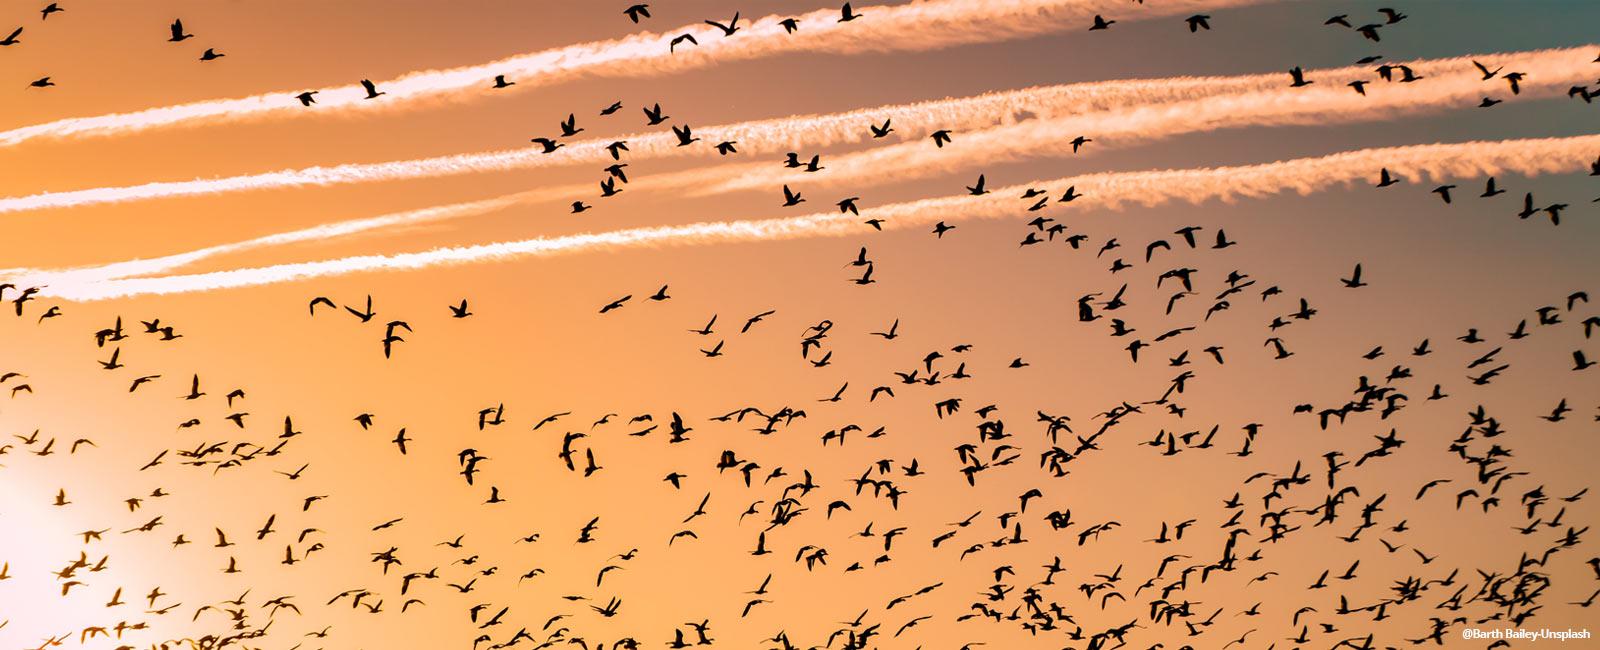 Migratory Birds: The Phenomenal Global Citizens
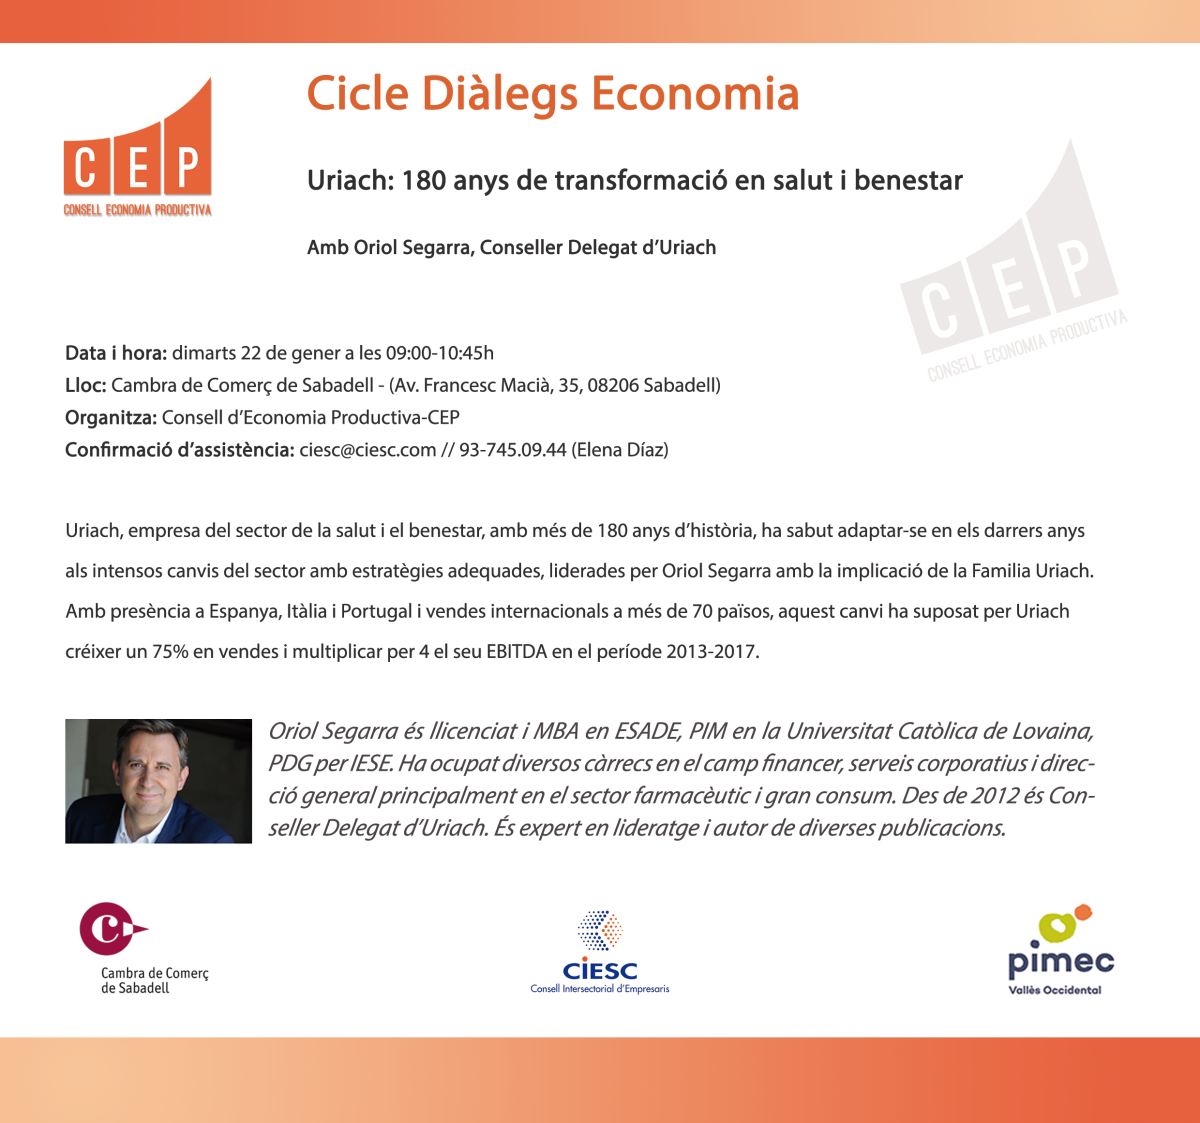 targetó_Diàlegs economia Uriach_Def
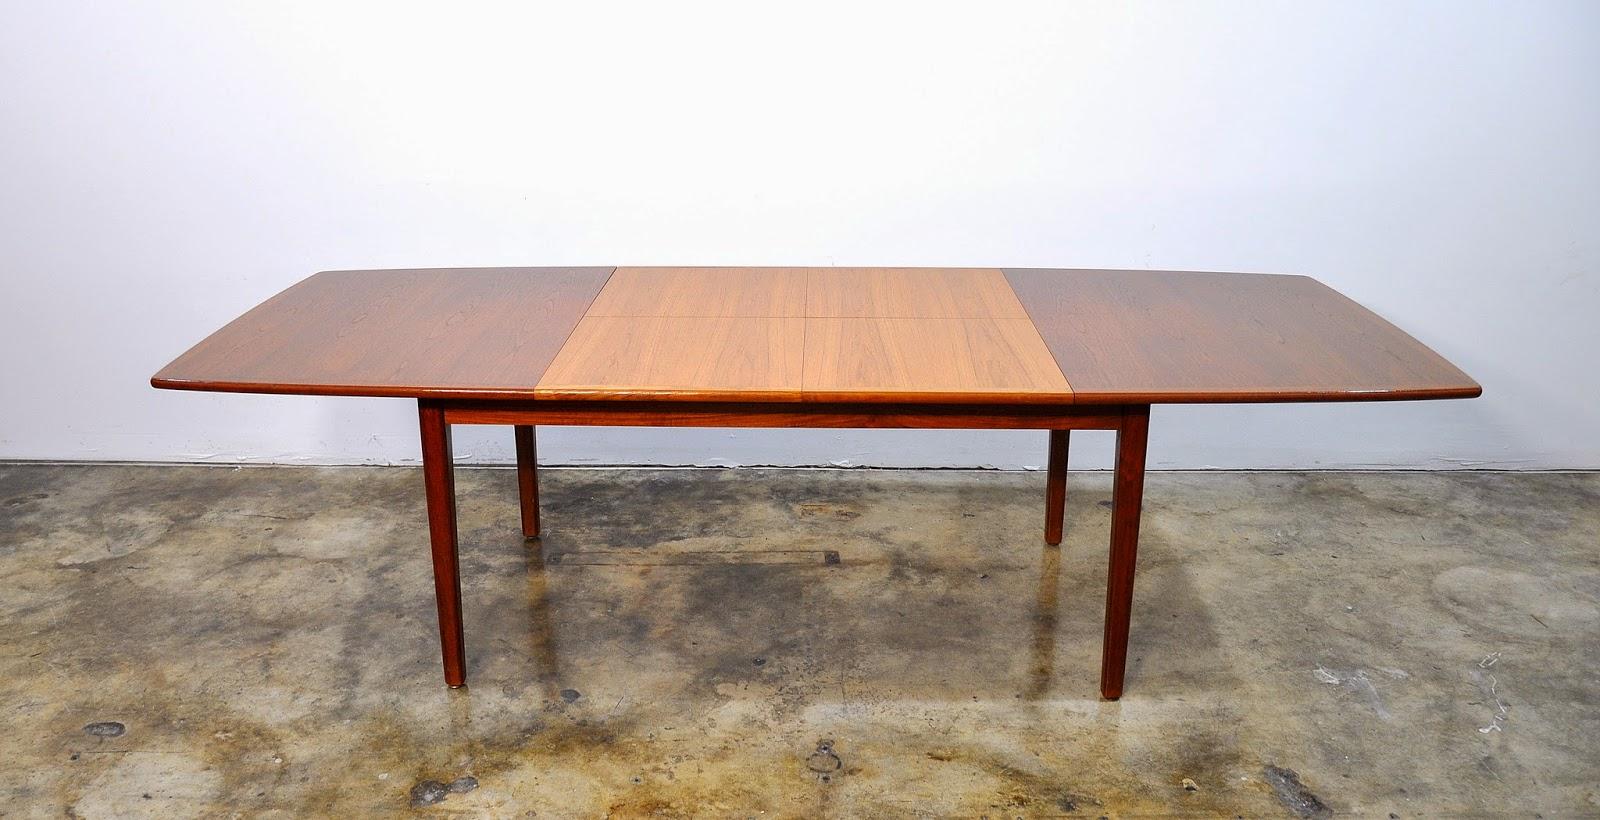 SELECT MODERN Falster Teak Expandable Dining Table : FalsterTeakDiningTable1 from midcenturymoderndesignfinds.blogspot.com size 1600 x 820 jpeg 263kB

Exercise requirements:
Pictures are skipped here. Print exactly, and only, the lines from the one holding "targetó_Diàlegs economia Uriach_Def" through the final line of the material above, both ends included.

Task output:
 targetó_Diàlegs economia Uriach_Def
 SELECT MODERN Falster Teak Expandable Dining Table : FalsterTeakDiningTable1 from midcenturymoderndesignfinds.blogspot.com size 1600 x 820 jpeg 263kB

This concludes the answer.